▶ [What is expected]: Only one portion of the data is to be written out: from the line bearing "3: Vivumishi Sarufi" through the line bearing "male escort agency USA". Write it exactly as it appears.

▶ [Provided data]:
==================================================

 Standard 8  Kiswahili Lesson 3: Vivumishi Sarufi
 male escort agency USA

==================================================

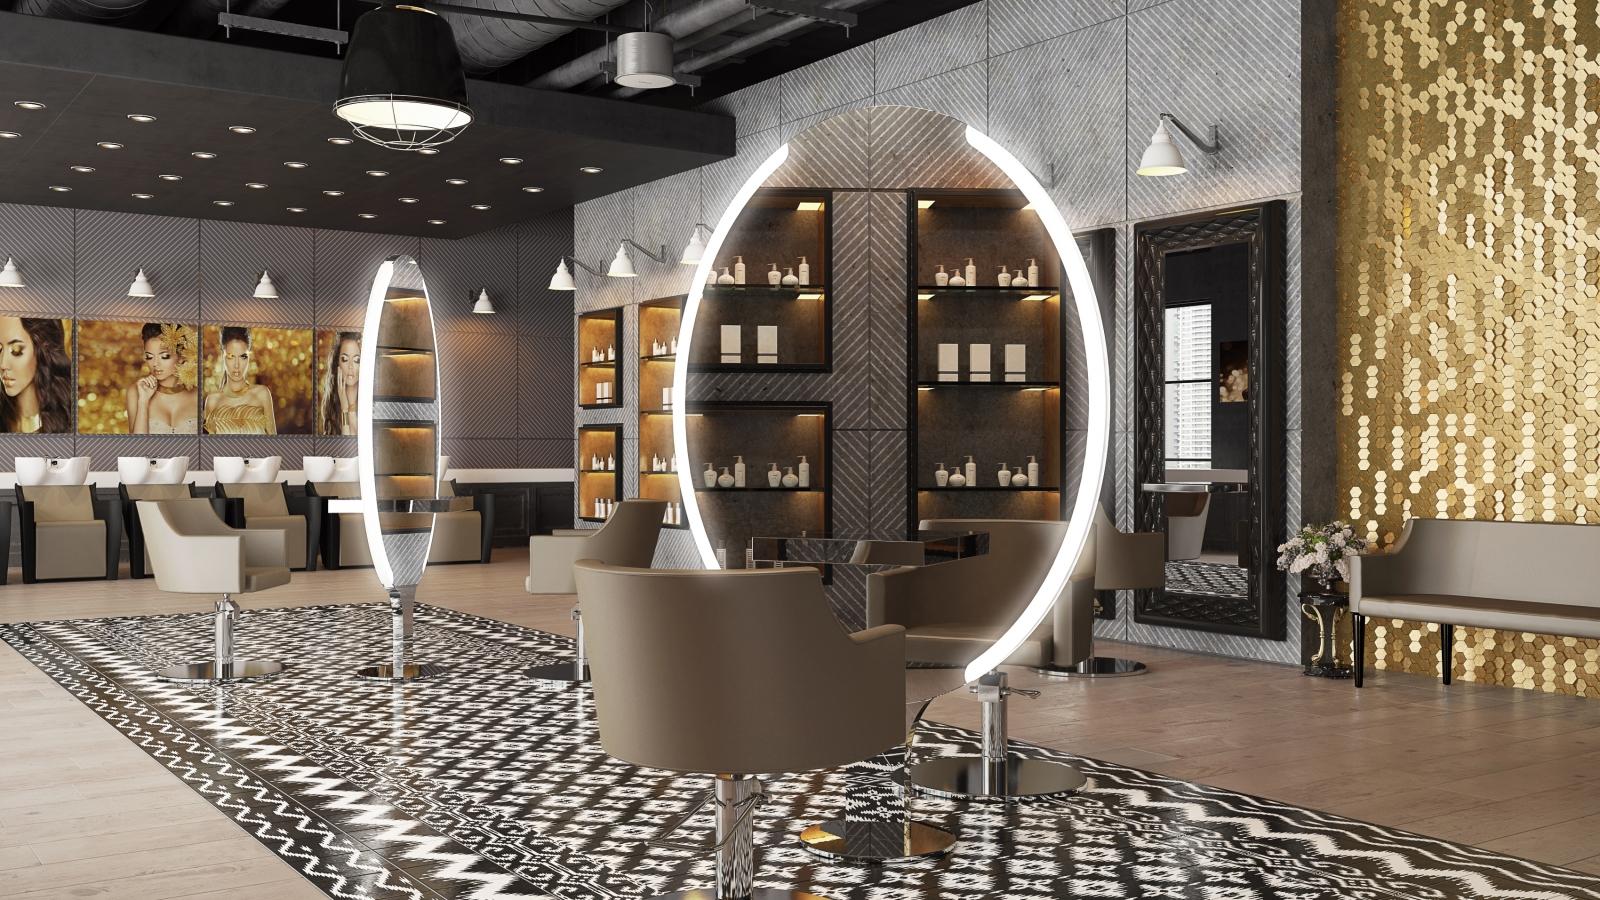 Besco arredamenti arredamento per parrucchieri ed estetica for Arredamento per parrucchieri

==================================================

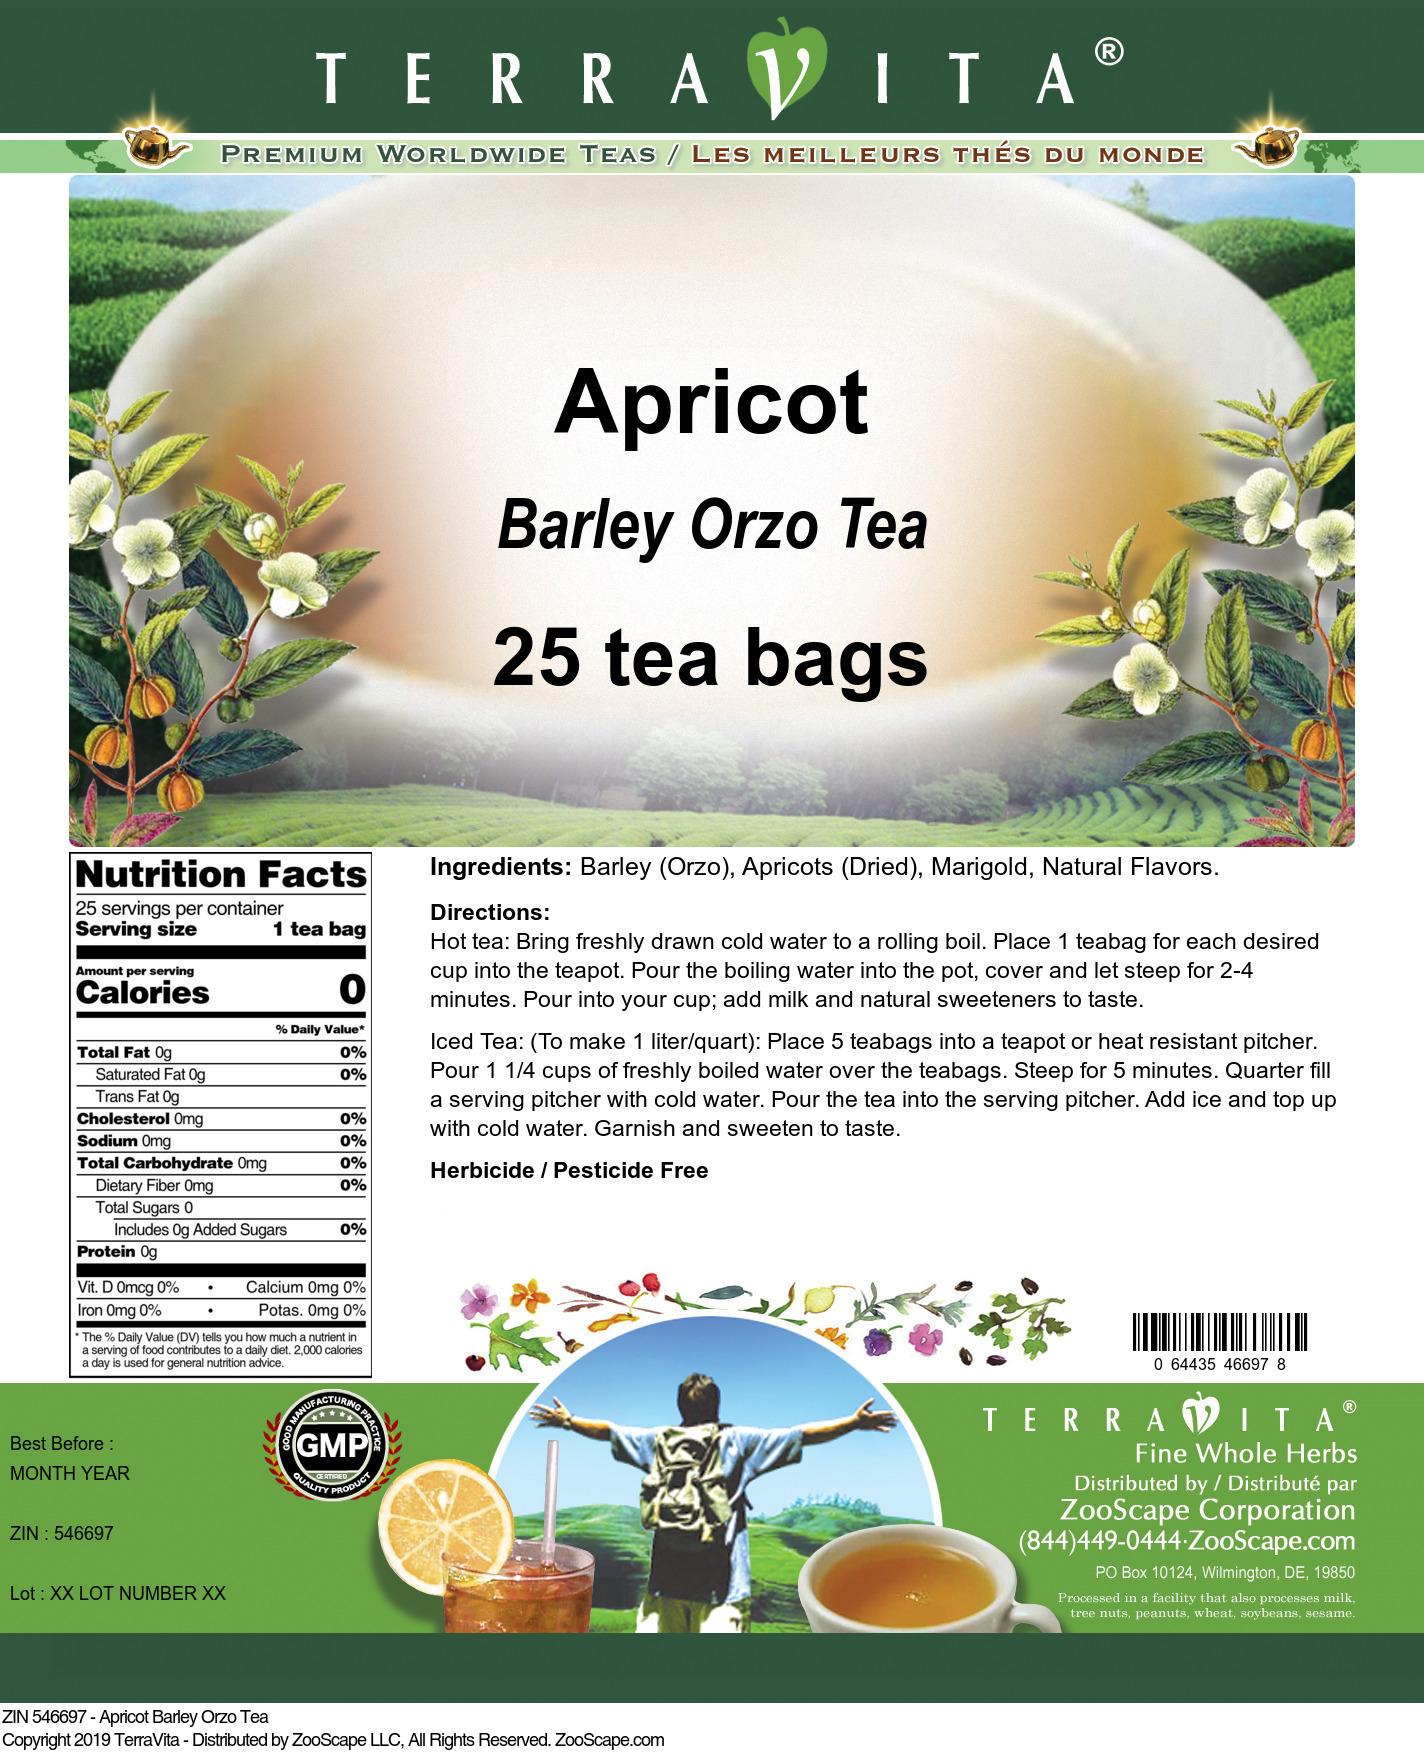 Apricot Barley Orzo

==================================================

▶ [Response to this exercise]:
 Standard 8  Kiswahili Lesson 3: Vivumishi Sarufi
 male escort agency USA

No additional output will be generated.